■ What you have to do
A faithful copy is required. Print each line of the data exactly and omit the pictures.

Source data Start Marker

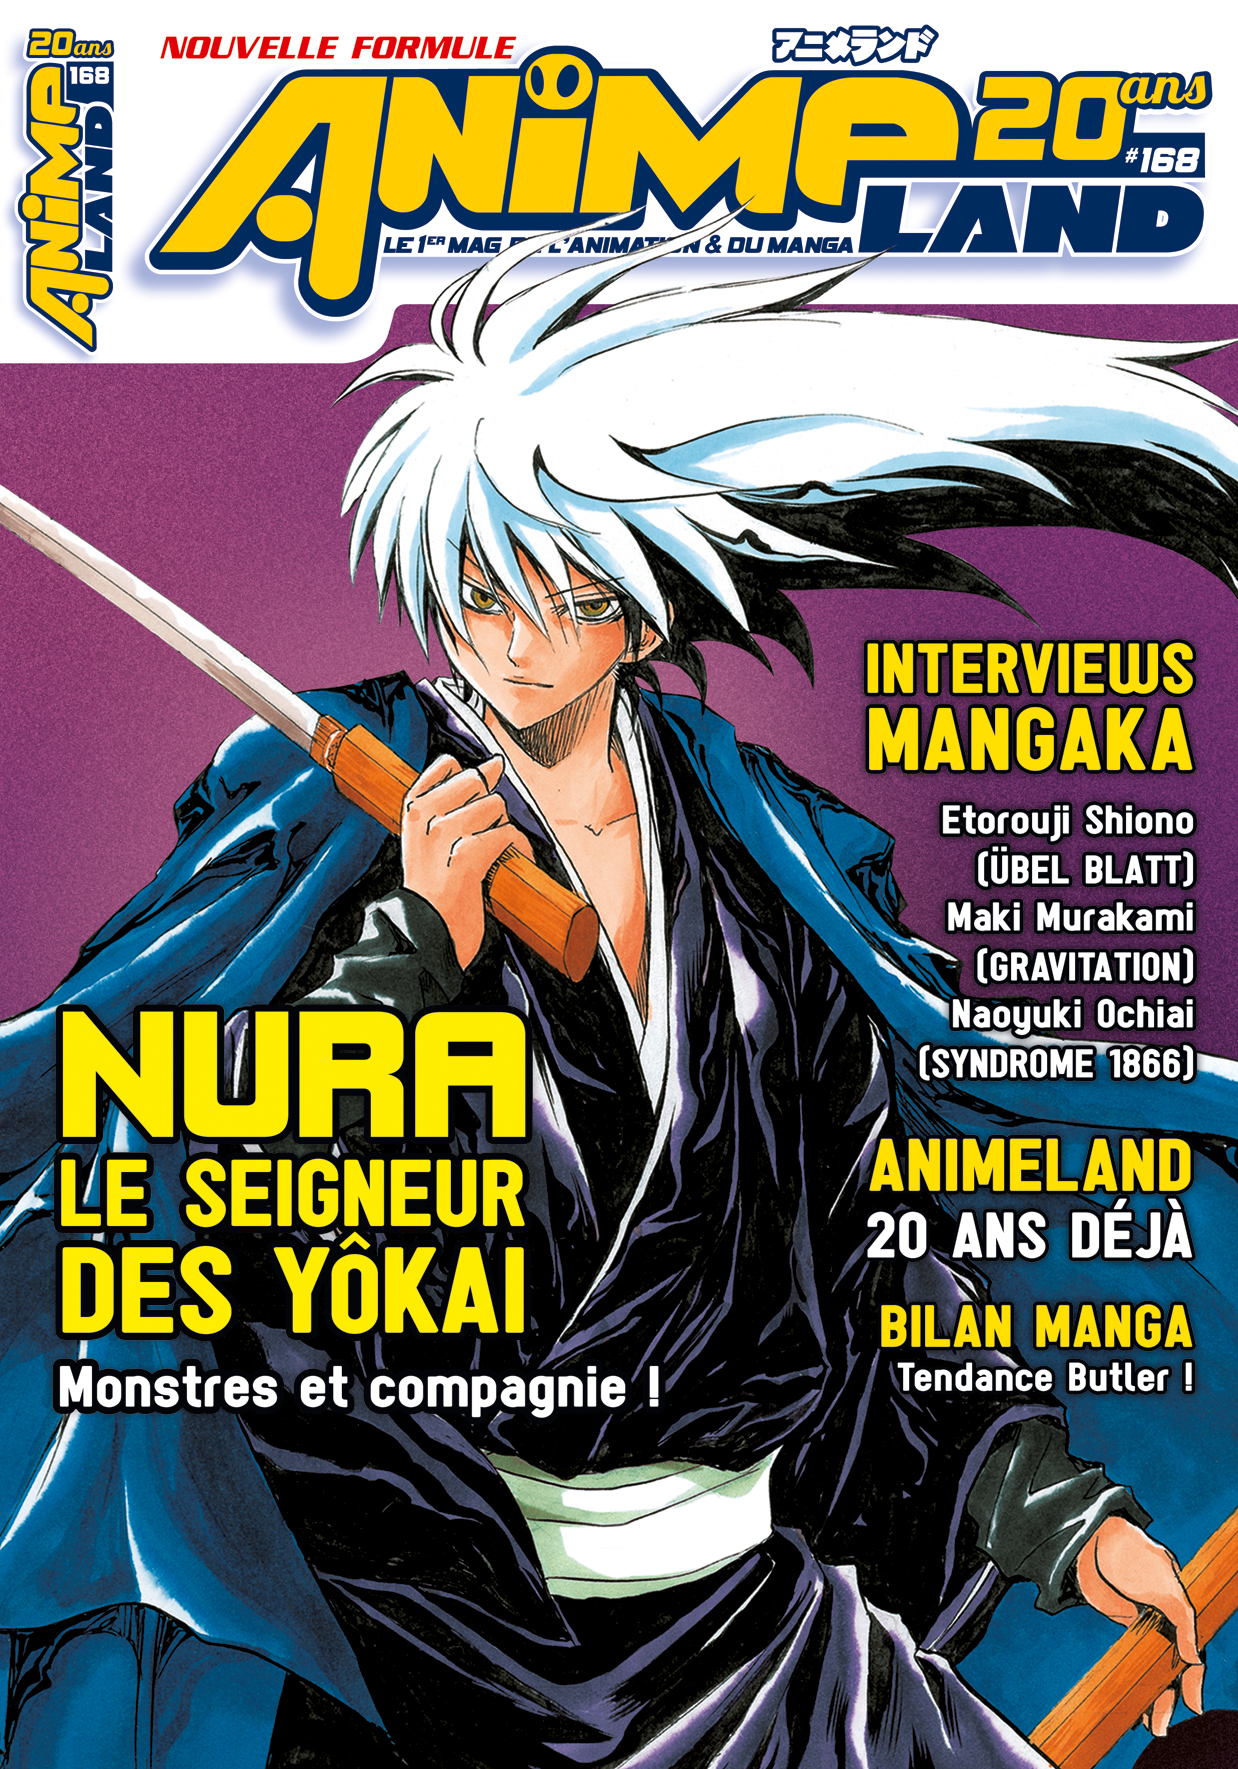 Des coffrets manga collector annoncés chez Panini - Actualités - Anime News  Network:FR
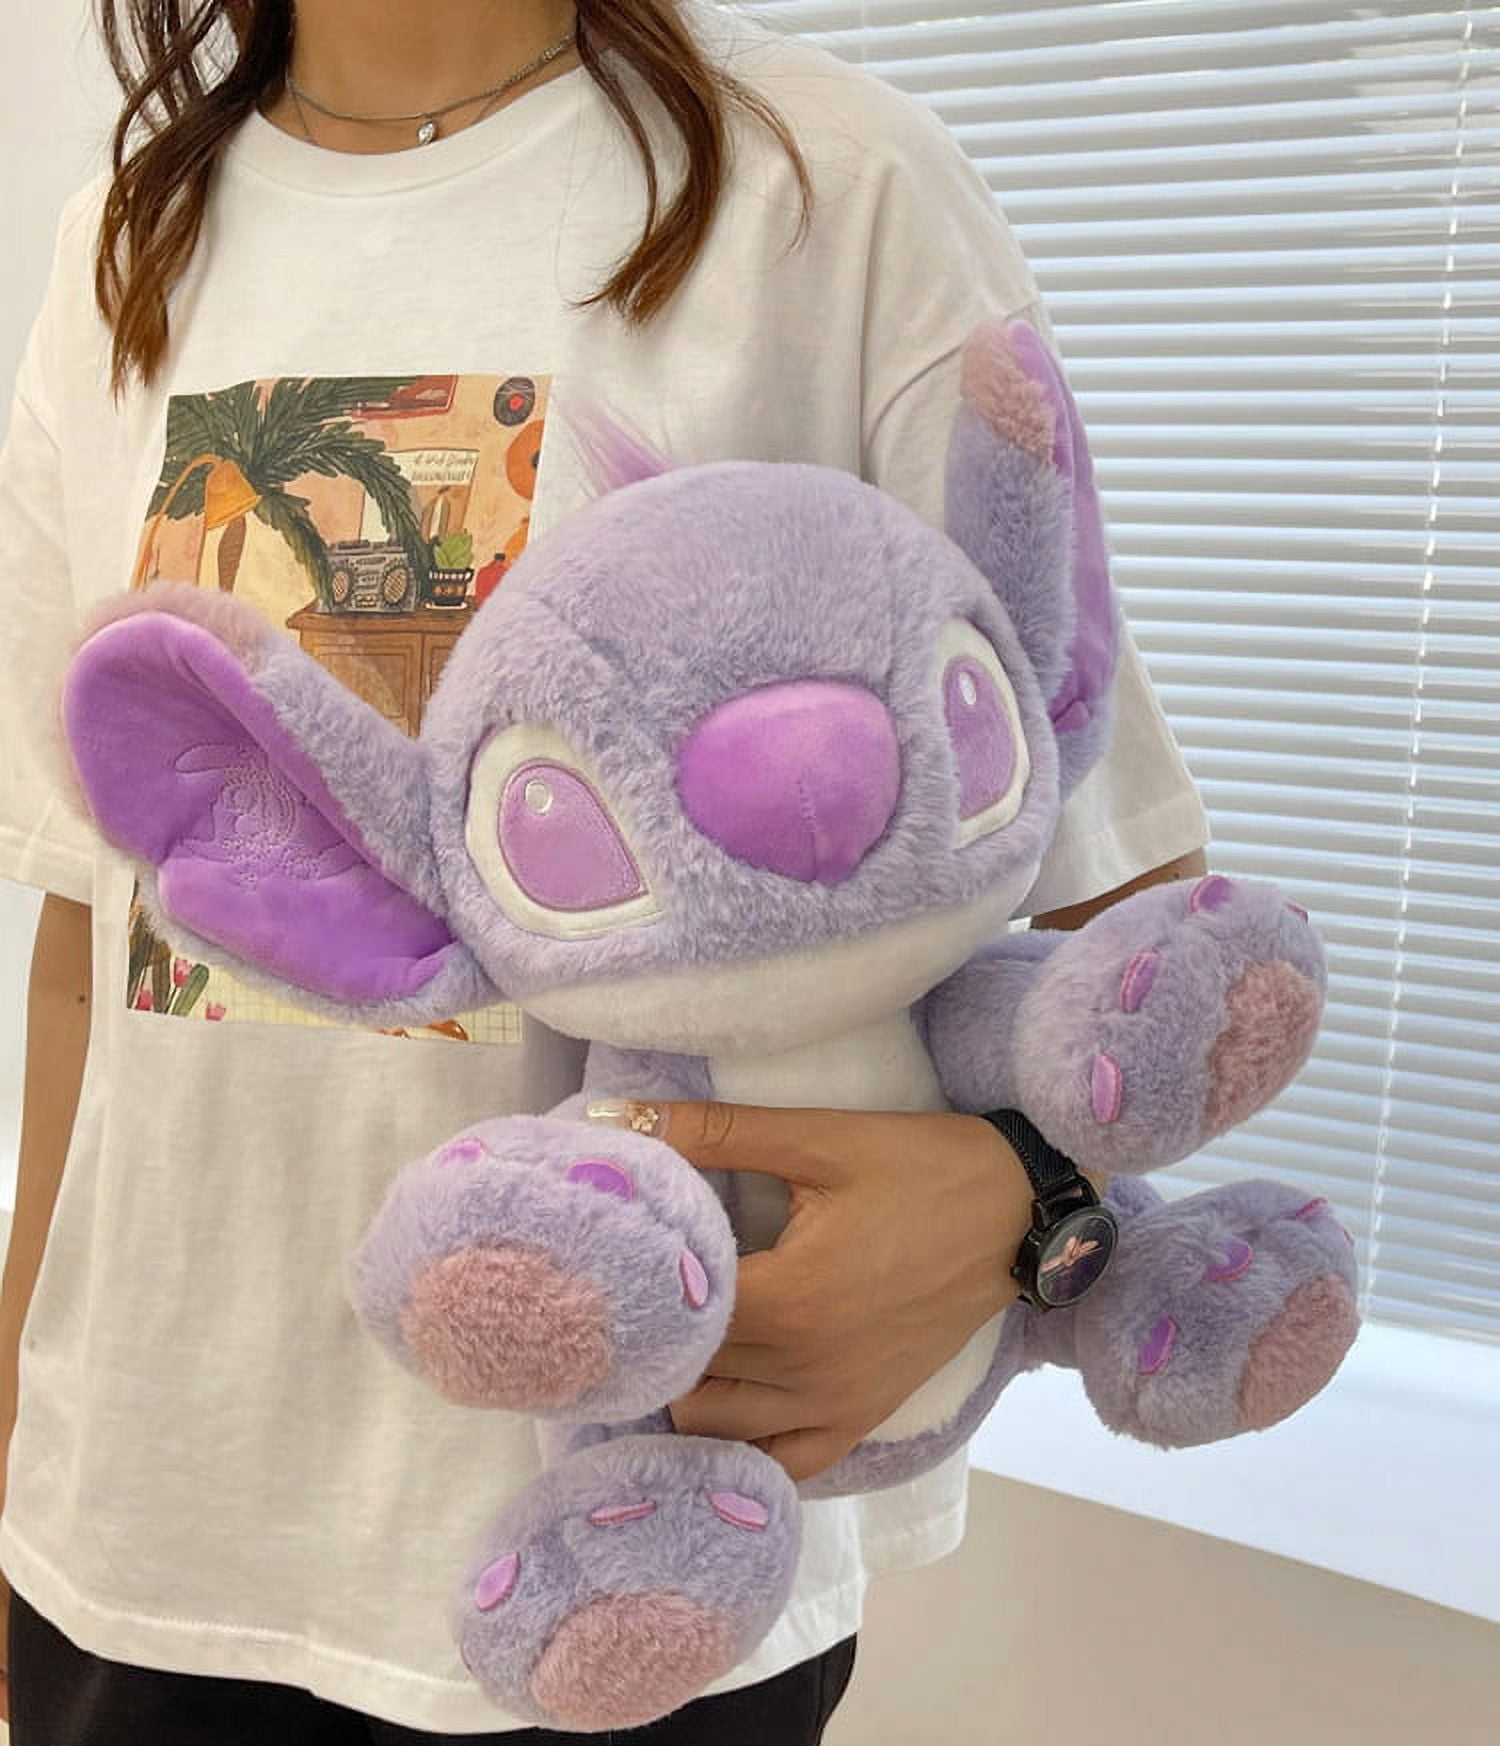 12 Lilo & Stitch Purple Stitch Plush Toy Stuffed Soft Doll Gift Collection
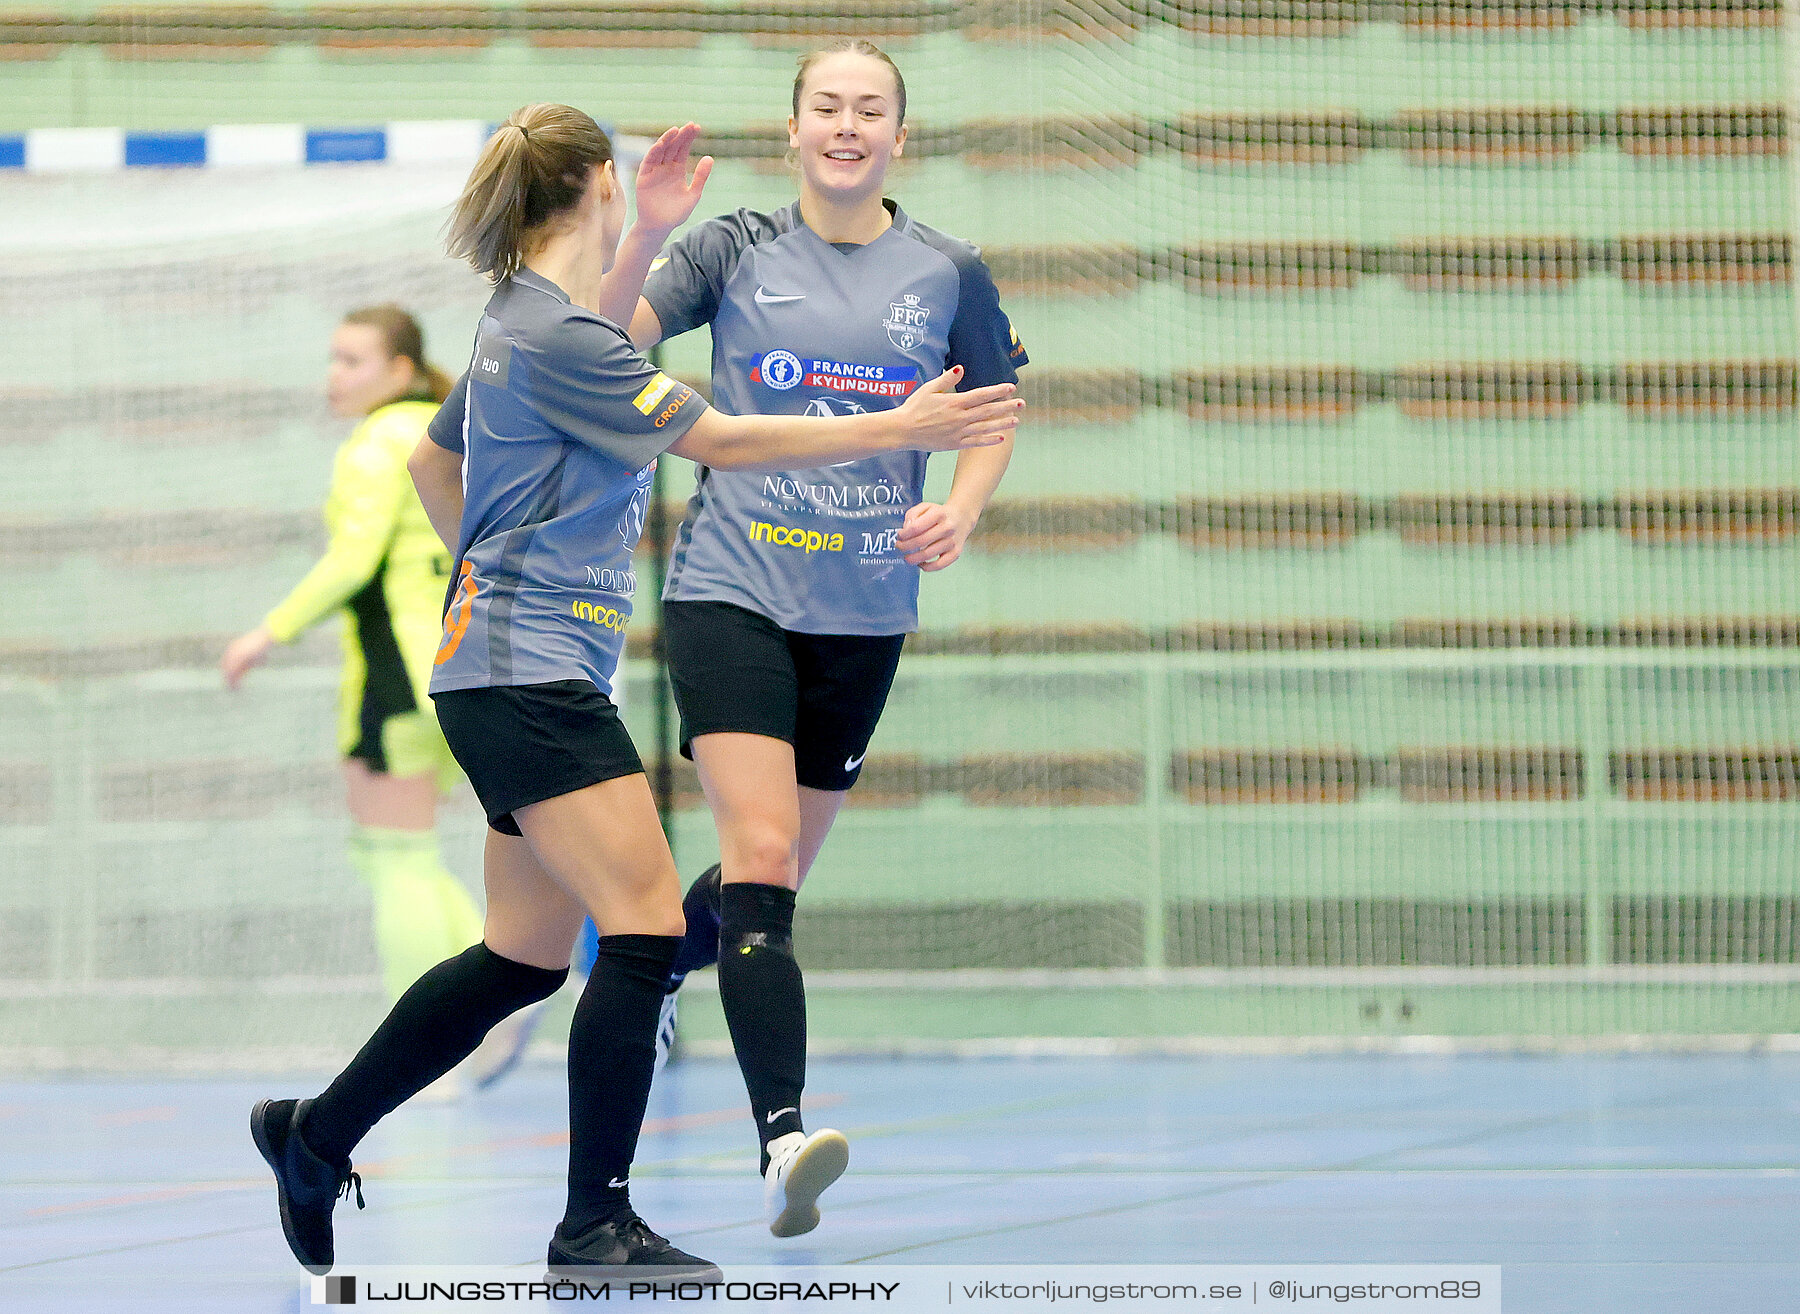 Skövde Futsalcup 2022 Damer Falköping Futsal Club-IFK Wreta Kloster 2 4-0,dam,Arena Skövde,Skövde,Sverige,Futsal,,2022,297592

Source data End Marker

■ Result
 Des coffrets manga collector annoncés chez Panini - Actualités - Anime News  Network:FR
 12 Lilo & Stitch Purple Stitch Plush Toy Stuffed Soft Doll Gift Collection
 Skövde Futsalcup 2022 Damer Falköping Futsal Club-IFK Wreta Kloster 2 4-0,dam,Arena Skövde,Skövde,Sverige,Futsal,,2022,297592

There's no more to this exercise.